The TCJA changed the tax calculation for the kiddie tax which results in the child possibly having a higher marginal tax rate than the parents. This was highlighted by survivors of deceased members of the military in that a pension a child received was subject to more tax in 2018 than in prior years. A report on Military.com, “This Year’s Tax Cut Cost Some Gold Star Families Dearly,” 4/23/19, included an example of a child paying tax of about $1,150 on the benefits but owing $5,400 for 2018. This child’s parent is in a lower bracket than 37%.
While the TCJA does make the calculation one where the child can compute the tax without the need for the parent’s return, using the tax rate schedule for trusts where the 37% bracket is reached at just below $13,000 is wrong. Query – Why didn’t Congress say to use a rate structure 20 times the trust income tax bracket or some other percentage?
This issue caught the attention of some in Congress with proposals offered for relief for these benefits. S. 1370 and H.R. 2481 propose to treat the benefits as earned income so they are only taxed at the child’s tax rate. H.R. 2716 would not apply the TCJA changes to these benefits (so apparently still taxed at the parent’s marginal tax rate). H.R. 1994, a retirement bill passed by the House in May 2019 would change the kiddie tax calculation back to pre-TCJA times.
My proposal is to just repeal the kiddie tax. It is complex and isn’t taxing the owner of an investment at their own tax rate as intended by an income tax. If a family member gives a dividend-paying stock to a child, for example, it belongs to the child. The giver has forever parted with it.
Also, the kiddie tax is poorly targeted at trying to discourage parents from giving investment assets to their children because the tax calculation doesn’t ask about the source of the funds. For example, a child movie star with a big bank account is subject to the kiddie tax even though the source of the funds was her own efforts.
There is also something odd that happened with the kiddie tax back in 2013. When the kiddie tax was created by the TRA86, it was often described as taxing investment income of minors (it then applied to children under age 14). However, the language was broader to include unearned income using a definition under §911. It was also intended to address situations where family members transferred investment assets to children. So, a fix to treat the military benefits as earned income should help.
In 2013, IRS instructions for the Form 8615 and its title changed from Tax for Certain Children Who Have Investment Income of More than $1,900, to Tax for Certain Children Who Have Unearned Income. One notable change in the instructions was the IRS now calling taxable scholarships unearned income subject to the kiddie tax. Yet, Prop. Reg. 1.117-6 called that income earned. This was not an issue prior to the law change that increased the age of a “kiddie” from under age 14 to up to age 23 for certain full-time college students. [See Chambers, “Kiddie Tax May Be Due on College Scholarships,” The Tax Adviser, 4/1/16).] This treatment also seems odd in that there is no family transfer involved with the scholarship.

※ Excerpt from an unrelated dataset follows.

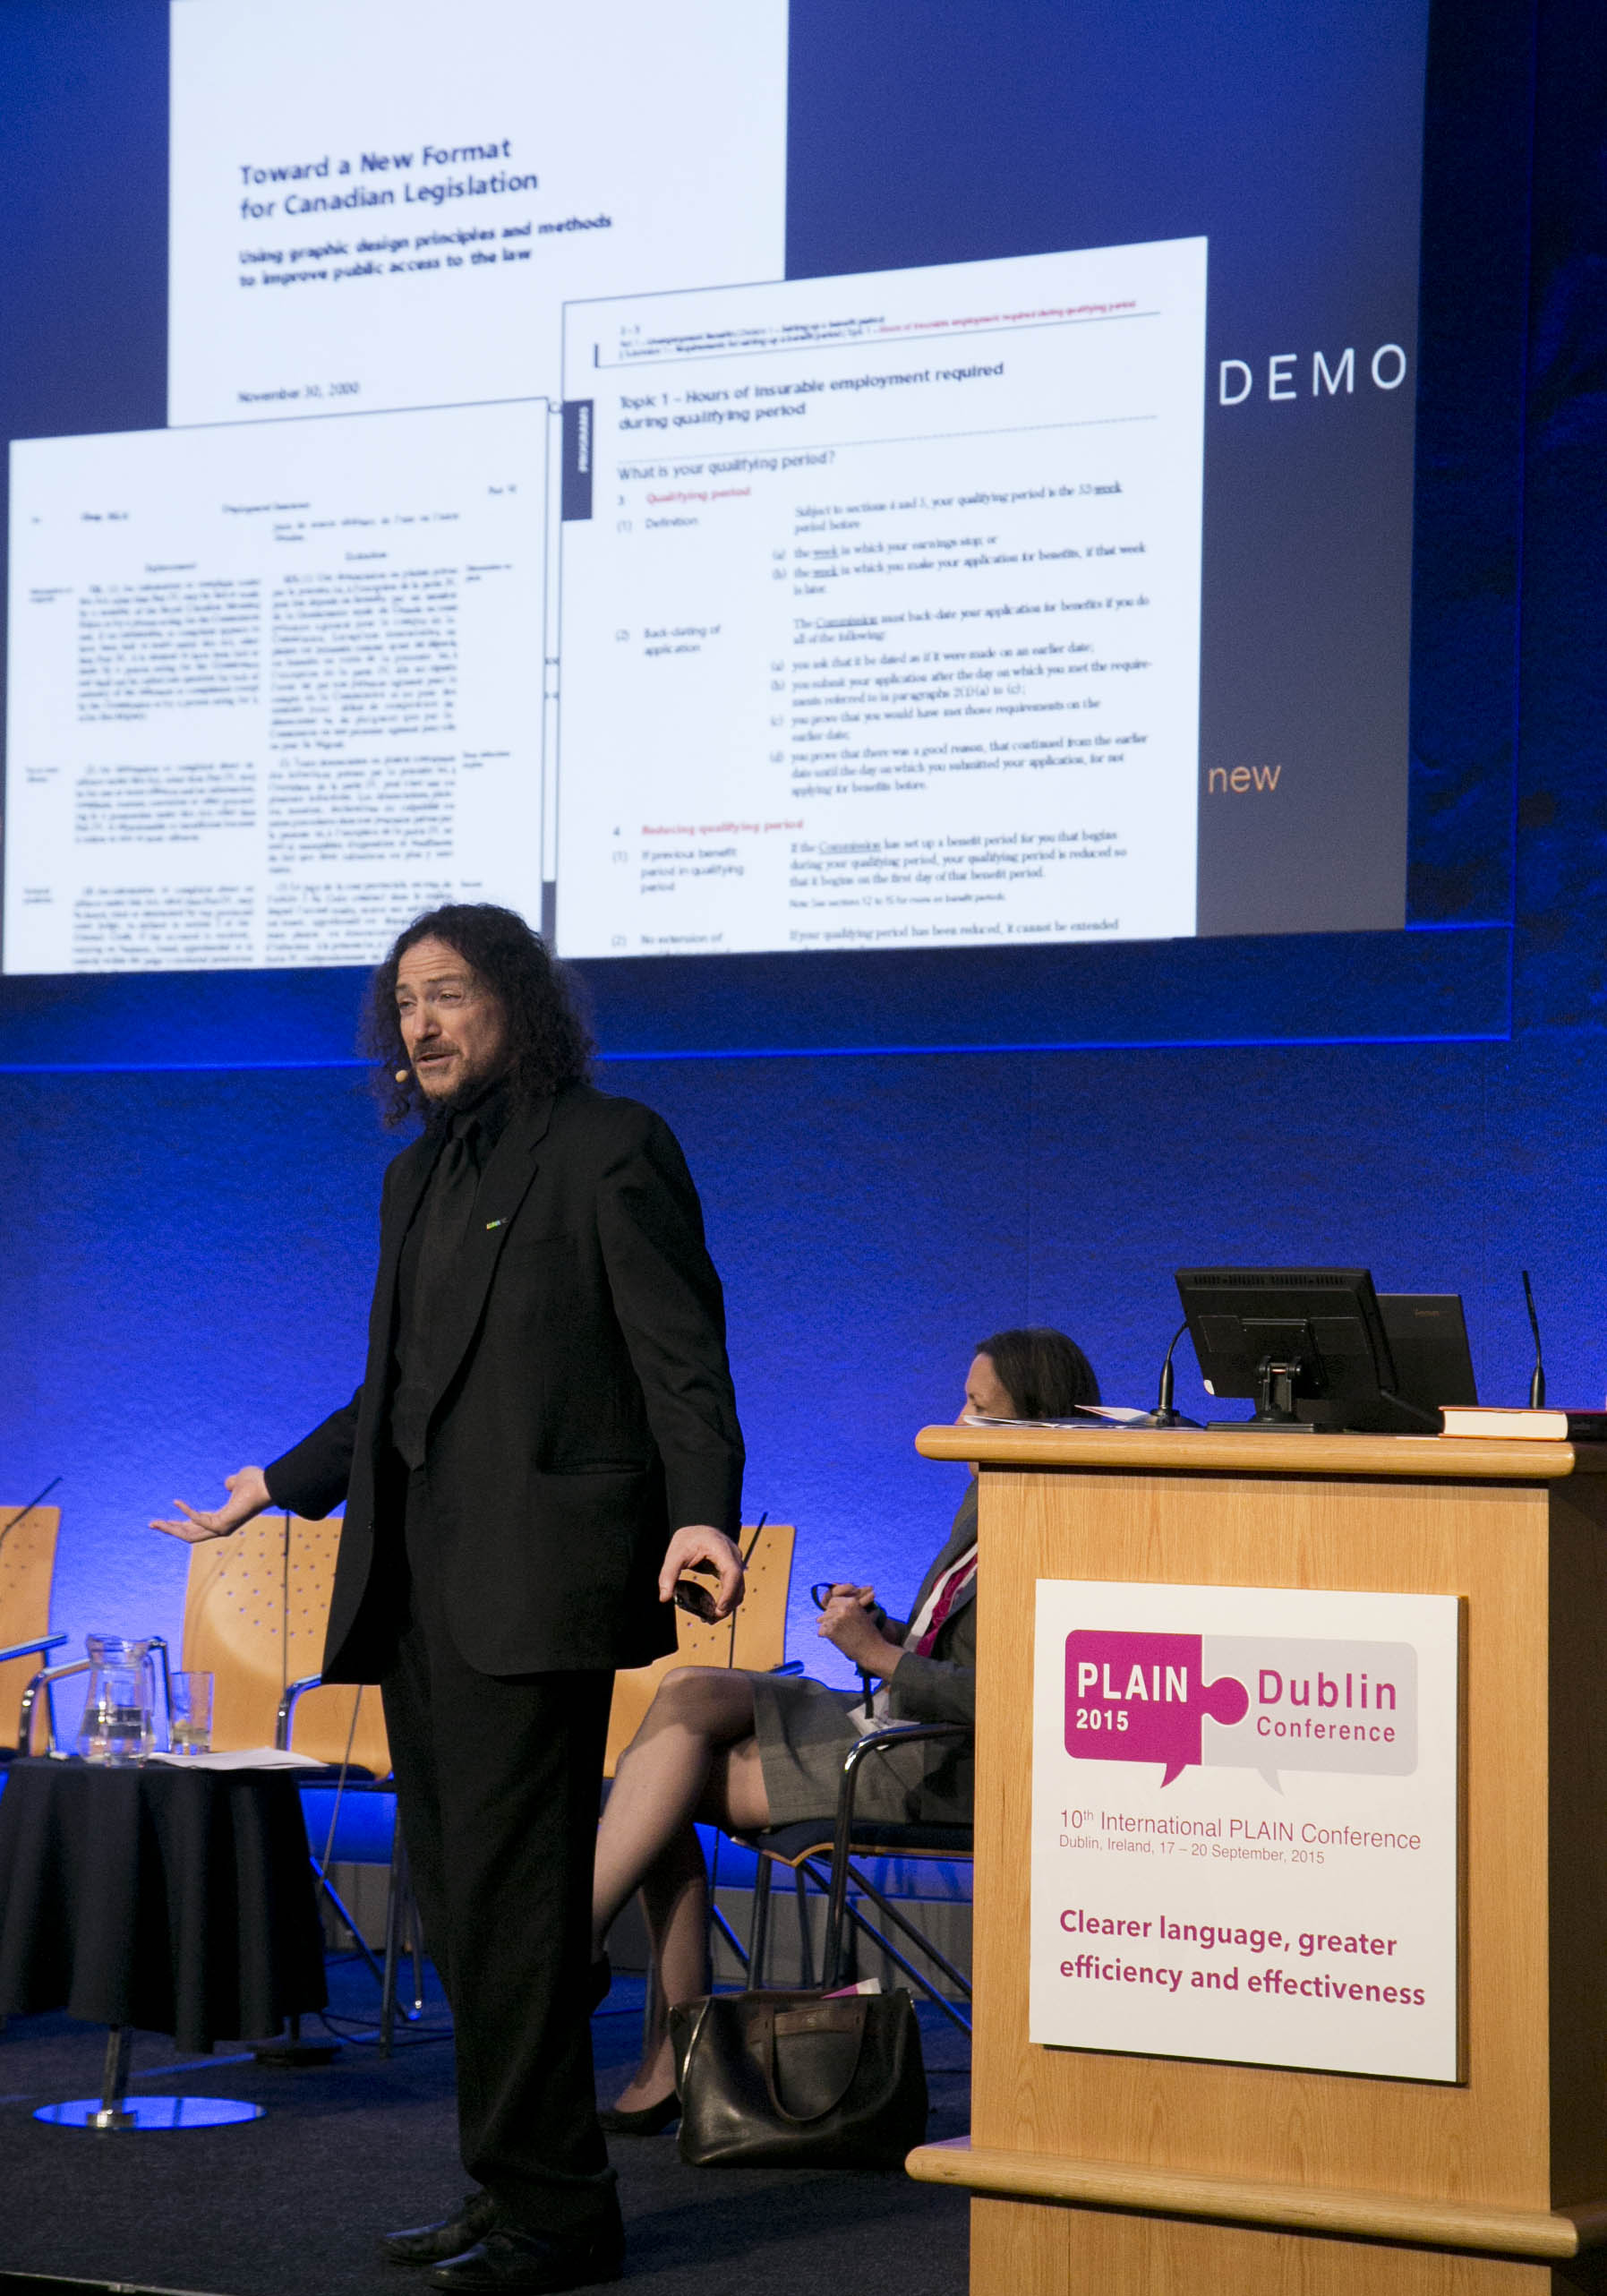 photo of David Berman speaking on stage at PLAIN 2015 Dublin podium

The Tax Increase Prevention and Reconciliation Act of 2005 (P.L. 109-222 (5/17/06) changed the age of a “kiddie” from under age 14 to under age 18, effective for tax years beginning after 2005. The Small Business and Work Opportunity Tax Act of 2007 (P.L. 110-28, 5/25/07) changed the age to its current levels. This also makes no sense to take the unearned income of a legal adult at the parent’s marginal rate.
The tax law would be simpler and more equitable and neutral to just repeal the kiddie tax.